GIVEN RECORDS:
=======
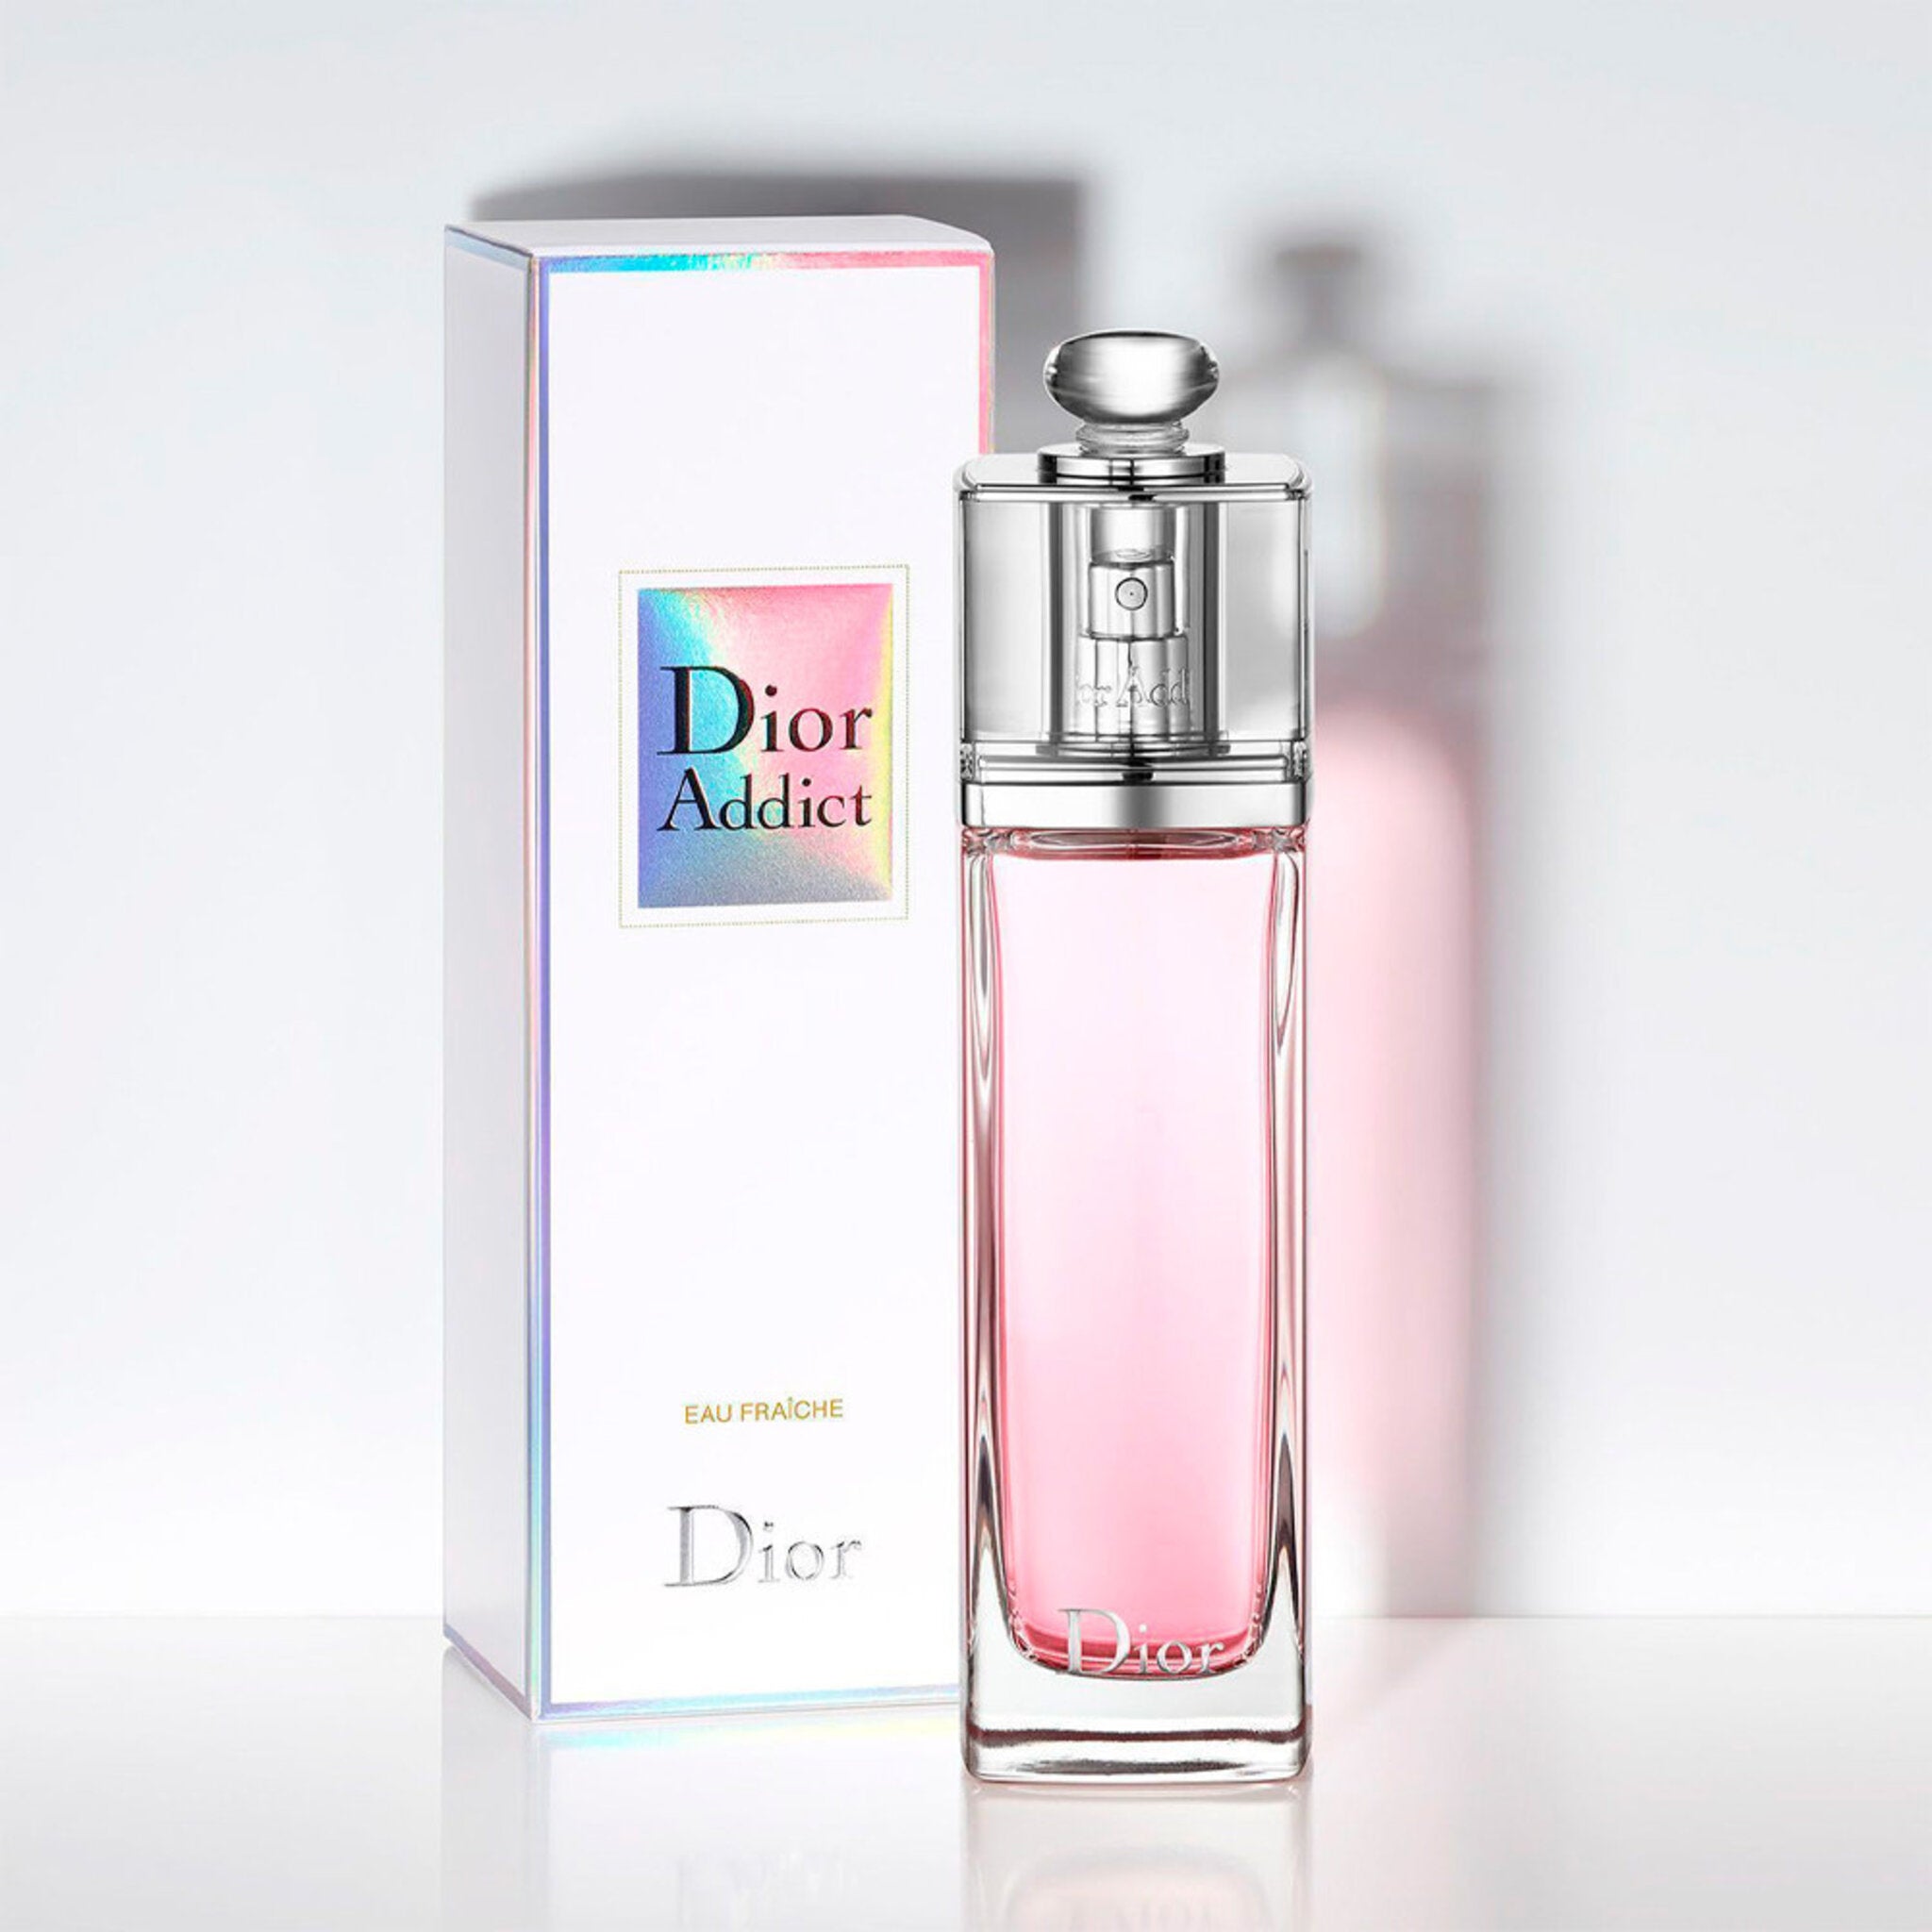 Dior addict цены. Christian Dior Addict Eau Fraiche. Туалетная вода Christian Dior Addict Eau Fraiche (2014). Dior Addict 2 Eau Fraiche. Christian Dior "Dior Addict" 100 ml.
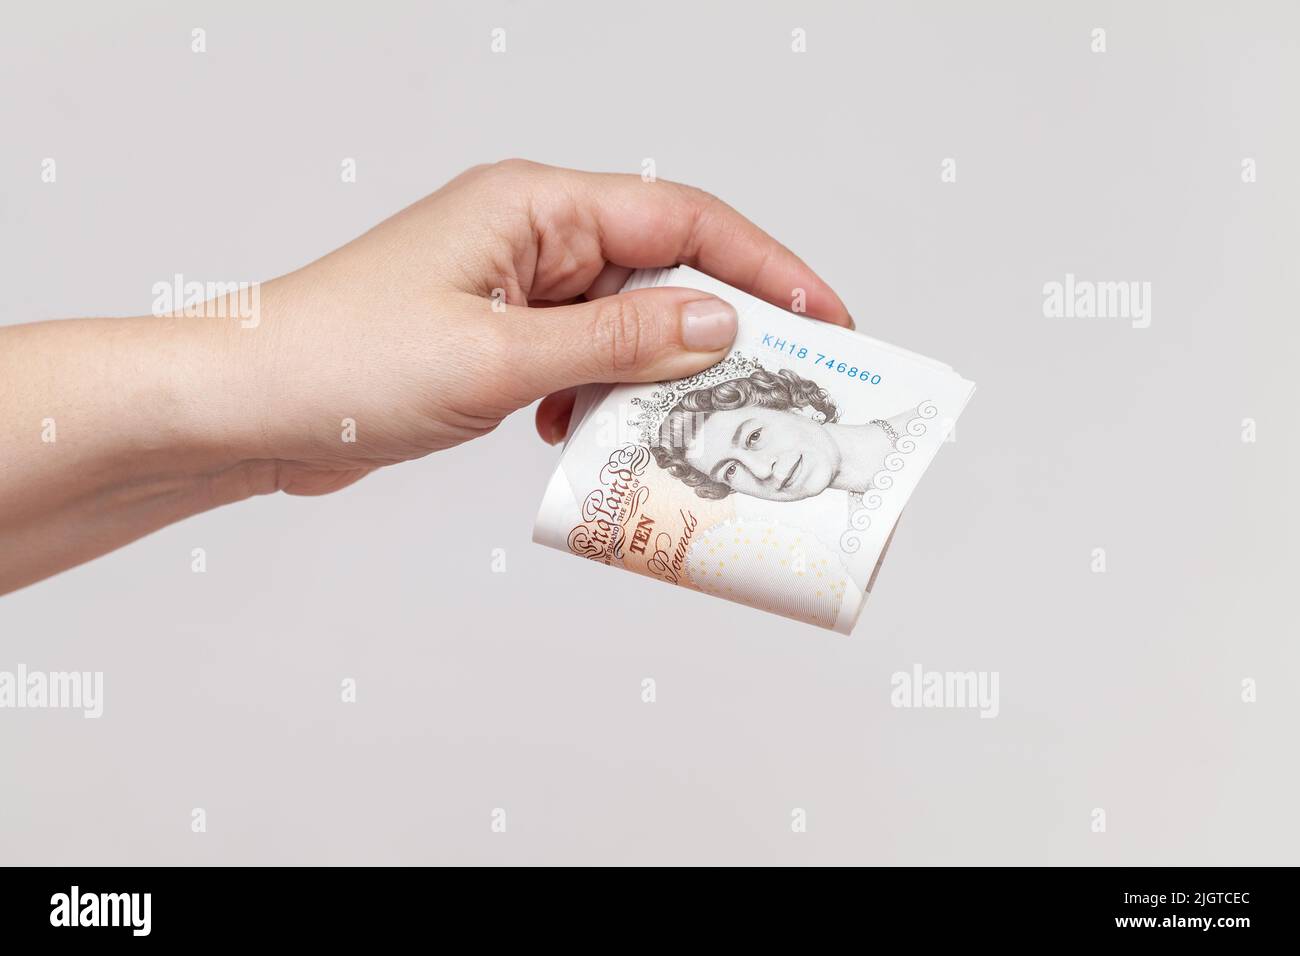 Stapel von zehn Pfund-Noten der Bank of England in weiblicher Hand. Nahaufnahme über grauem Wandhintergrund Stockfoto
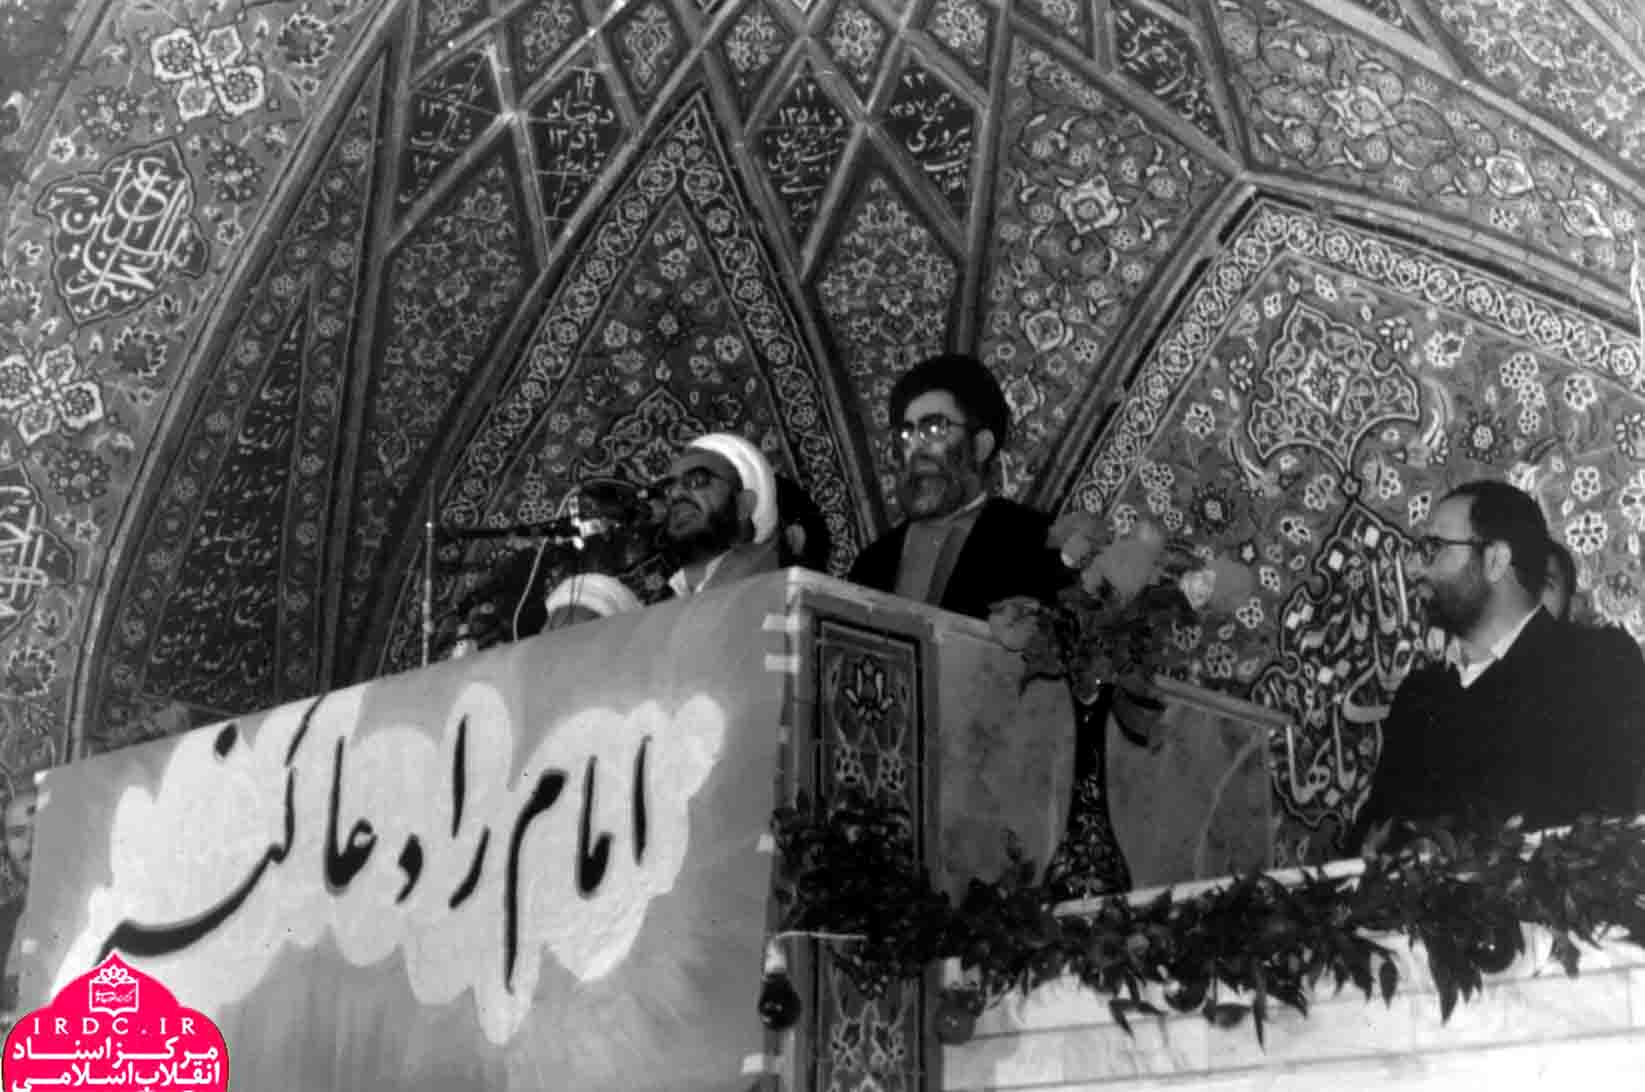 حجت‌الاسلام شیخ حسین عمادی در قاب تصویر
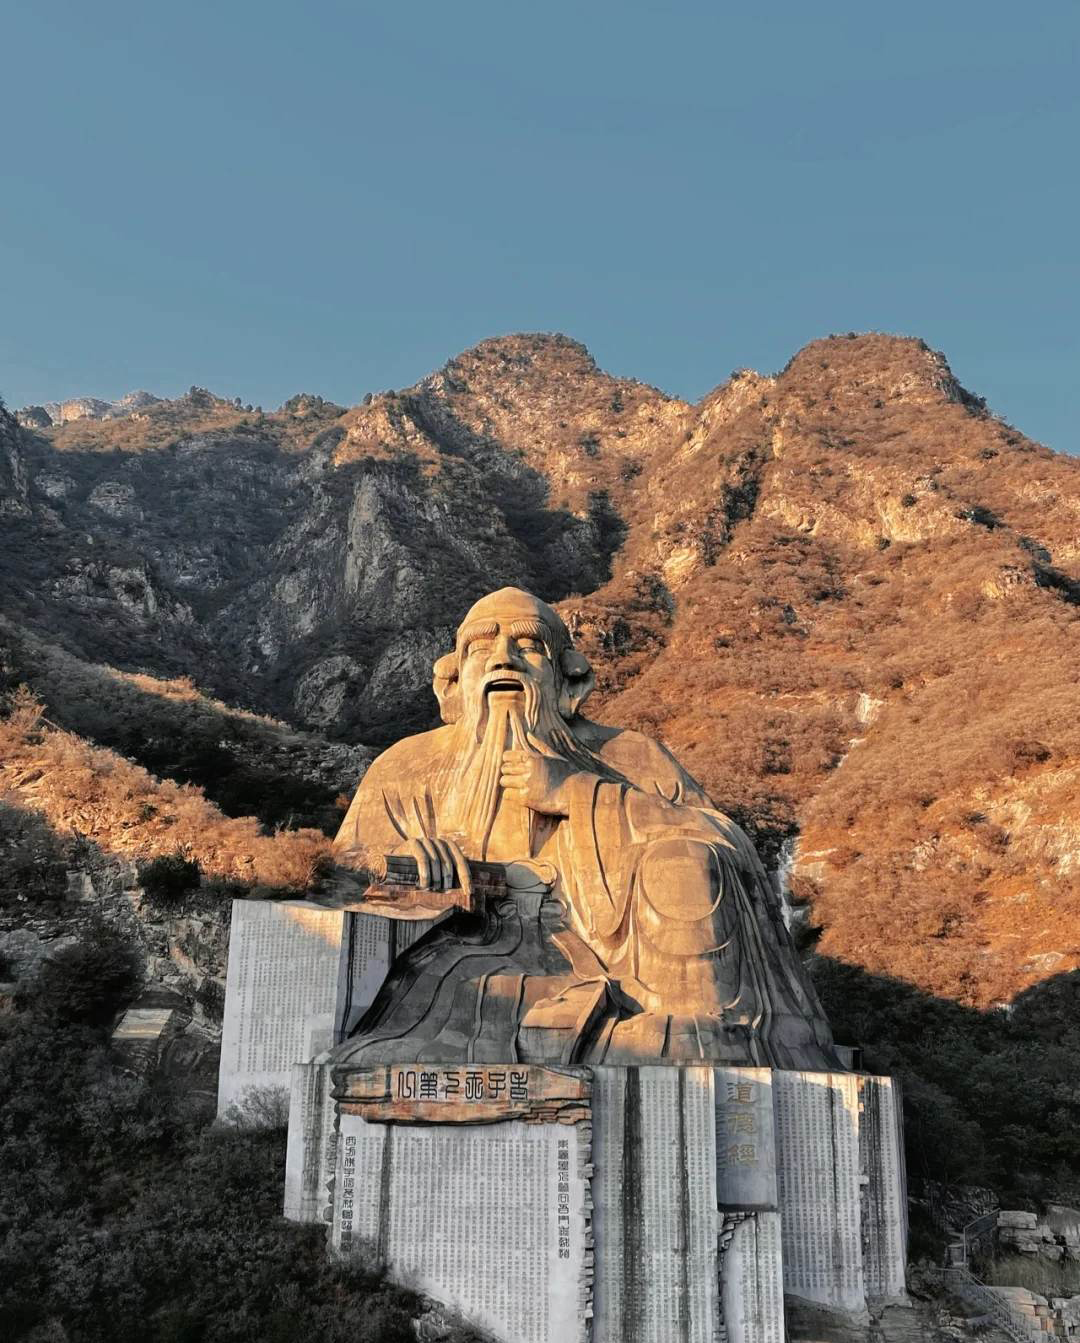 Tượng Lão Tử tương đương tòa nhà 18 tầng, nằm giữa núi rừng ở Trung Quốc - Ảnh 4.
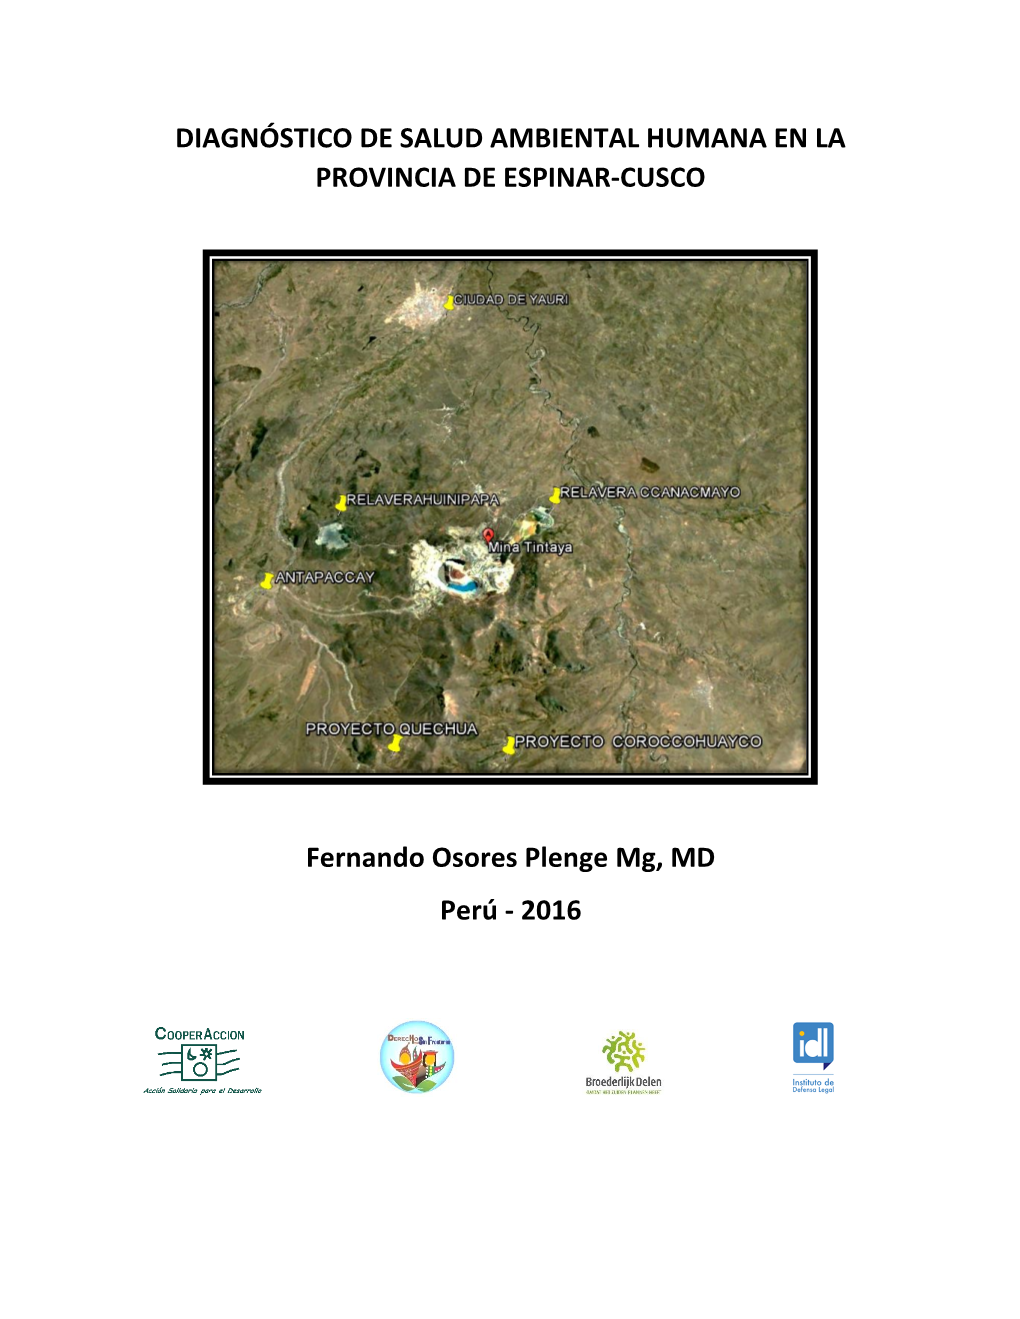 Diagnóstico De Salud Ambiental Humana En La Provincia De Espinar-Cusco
=======
Each record above has to be written out again in full, but its pictures must not be.

 Dior addict цены. Christian Dior Addict Eau Fraiche. Туалетная вода Christian Dior Addict Eau Fraiche (2014). Dior Addict 2 Eau Fraiche. Christian Dior "Dior Addict" 100 ml.
 Stapel von zehn Pfund-Noten der Bank of England in weiblicher Hand. Nahaufnahme über grauem Wandhintergrund Stockfoto
 حجت‌الاسلام شیخ حسین عمادی در قاب تصویر
 Tượng Lão Tử tương đương tòa nhà 18 tầng, nằm giữa núi rừng ở Trung Quốc - Ảnh 4.
 Diagnóstico De Salud Ambiental Humana En La Provincia De Espinar-Cusco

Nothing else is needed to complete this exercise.